- DATA SHOWN

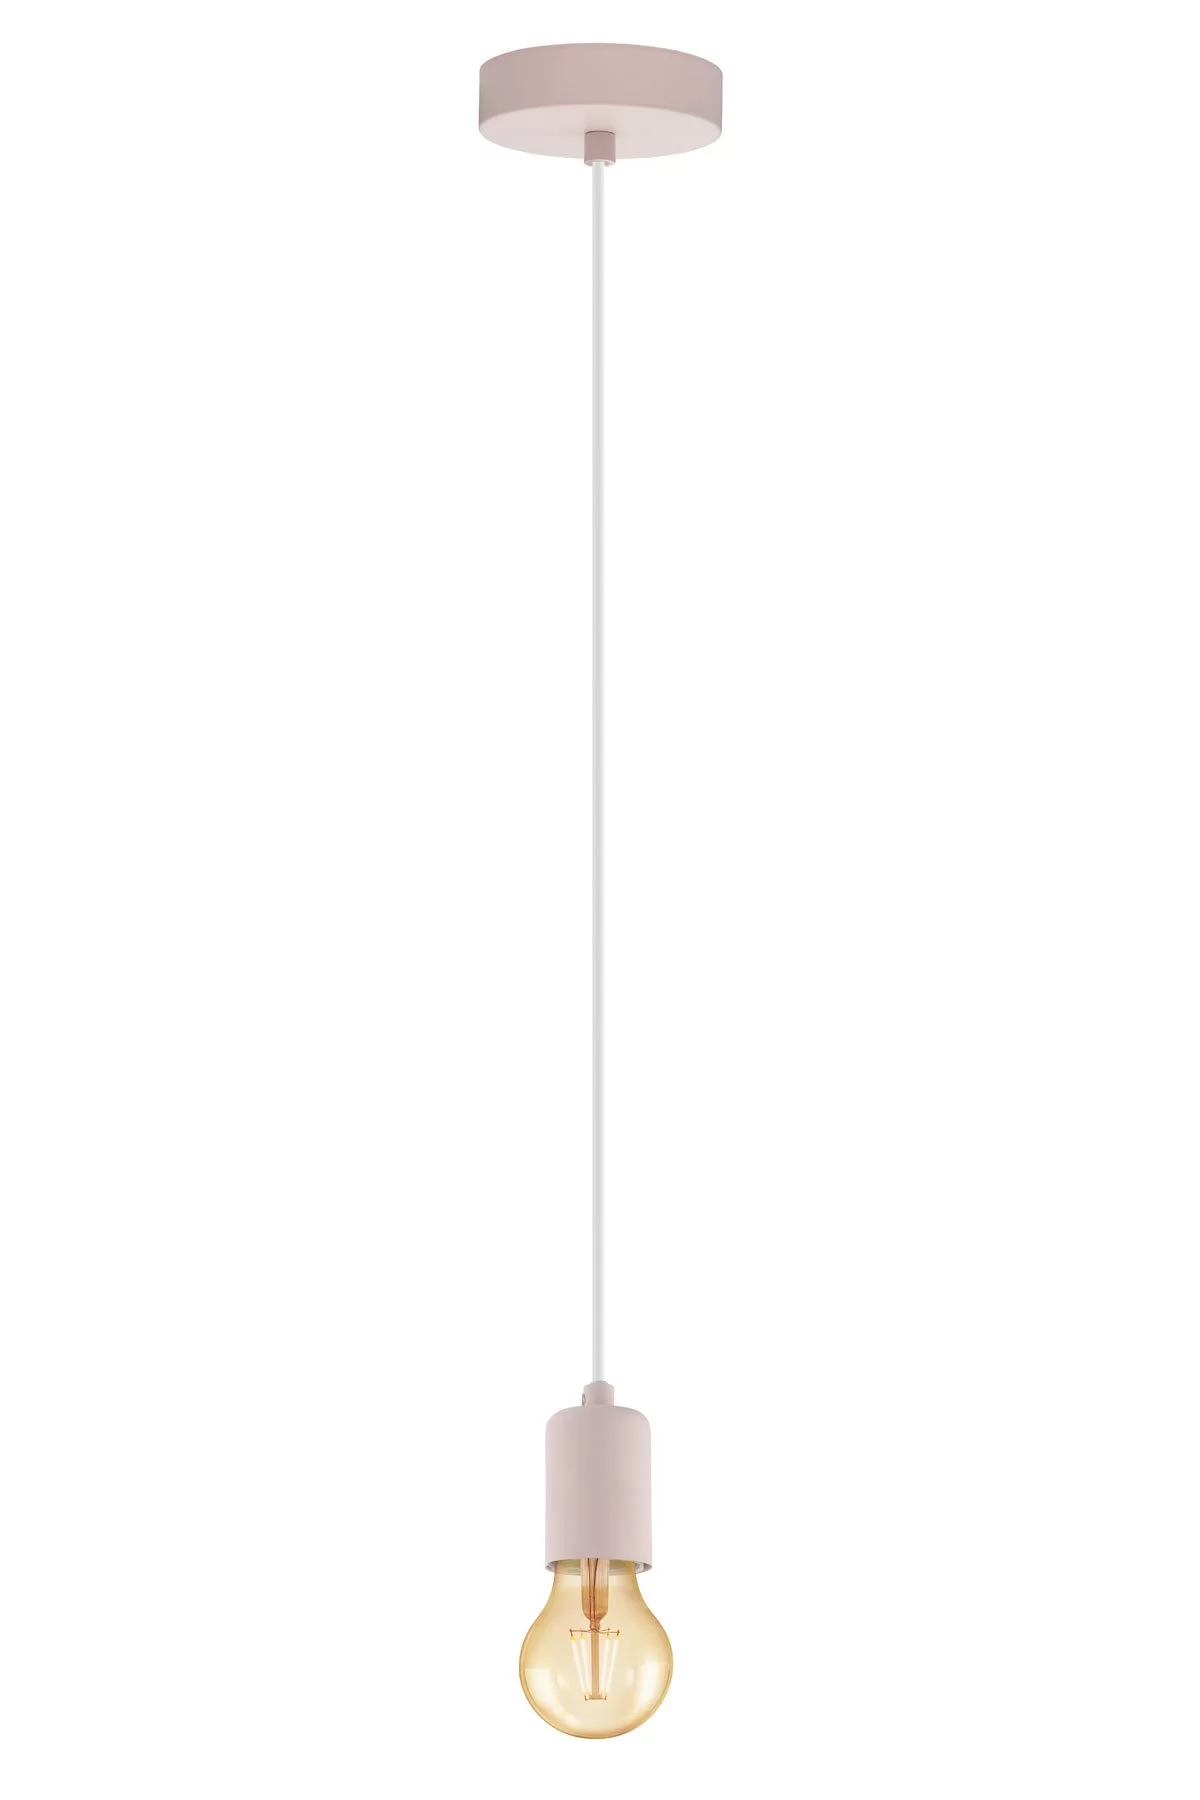   
                        
                        Люстра EGLO (Австрия) 12818    
                         в стиле Лофт, Скандинавский.  
                        Тип источника света: светодиодная лампа, сменная.                         Форма: Круг.                                                                          фото 1
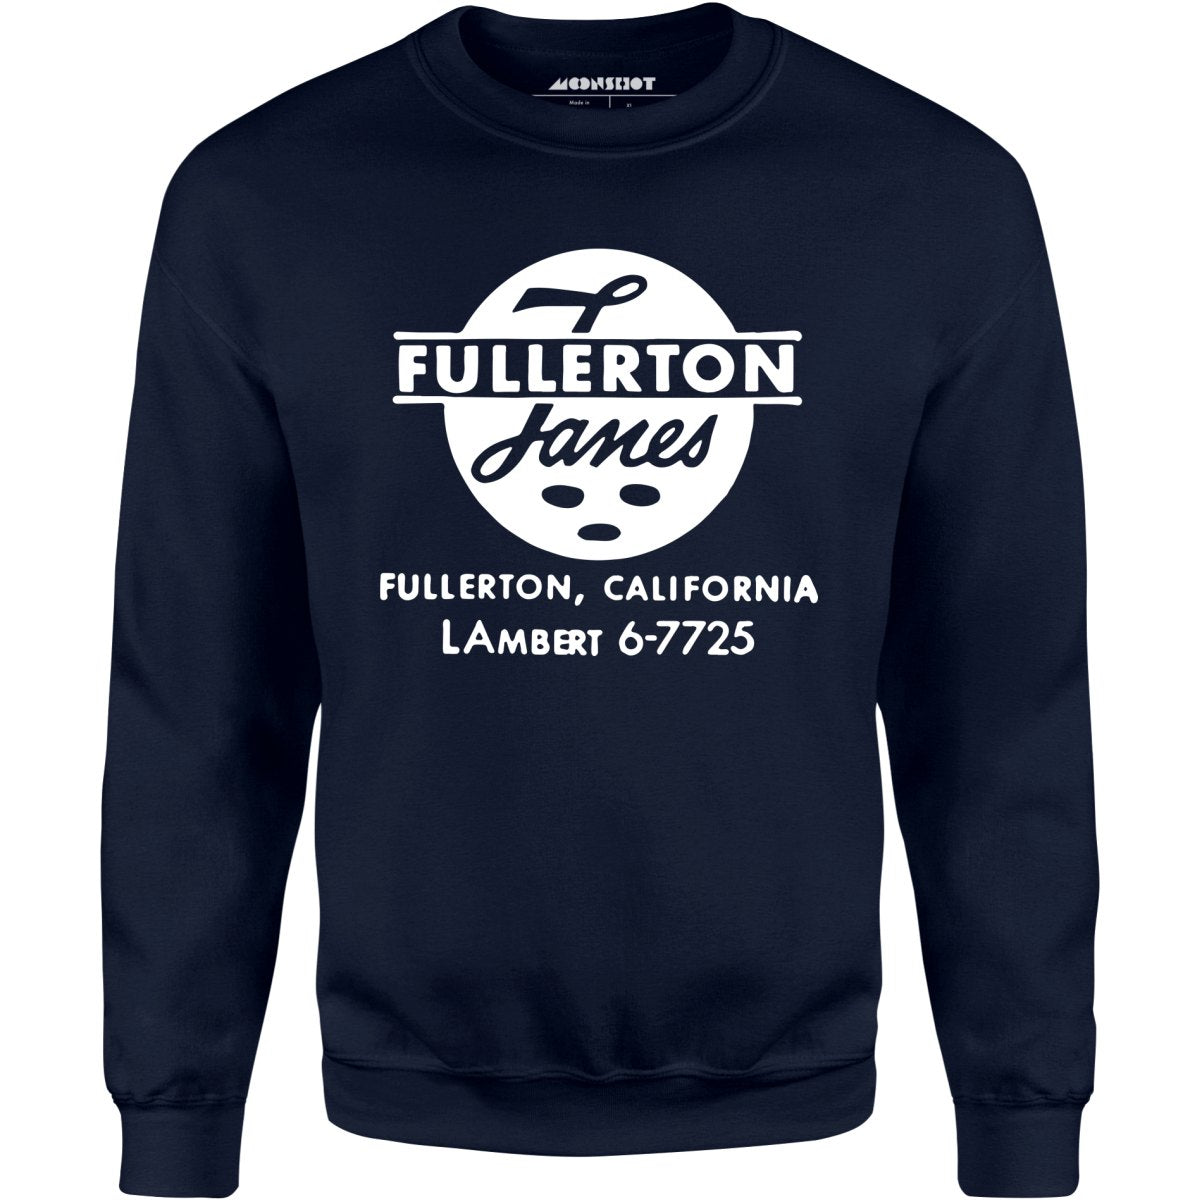 Fullerton Lanes - Fullerton, CA - Vintage Bowling Alley - Unisex Sweatshirt

- TASK TO COMPLETE
Without the pictures, output the full listing exactly as it stands.

- COMPLETED TASK
                        Люстра EGLO (Австрия) 12818    
                         в стиле Лофт, Скандинавский.  
                        Тип источника света: светодиодная лампа, сменная.                         Форма: Круг.                                                                          фото 1
 Fullerton Lanes - Fullerton, CA - Vintage Bowling Alley - Unisex Sweatshirt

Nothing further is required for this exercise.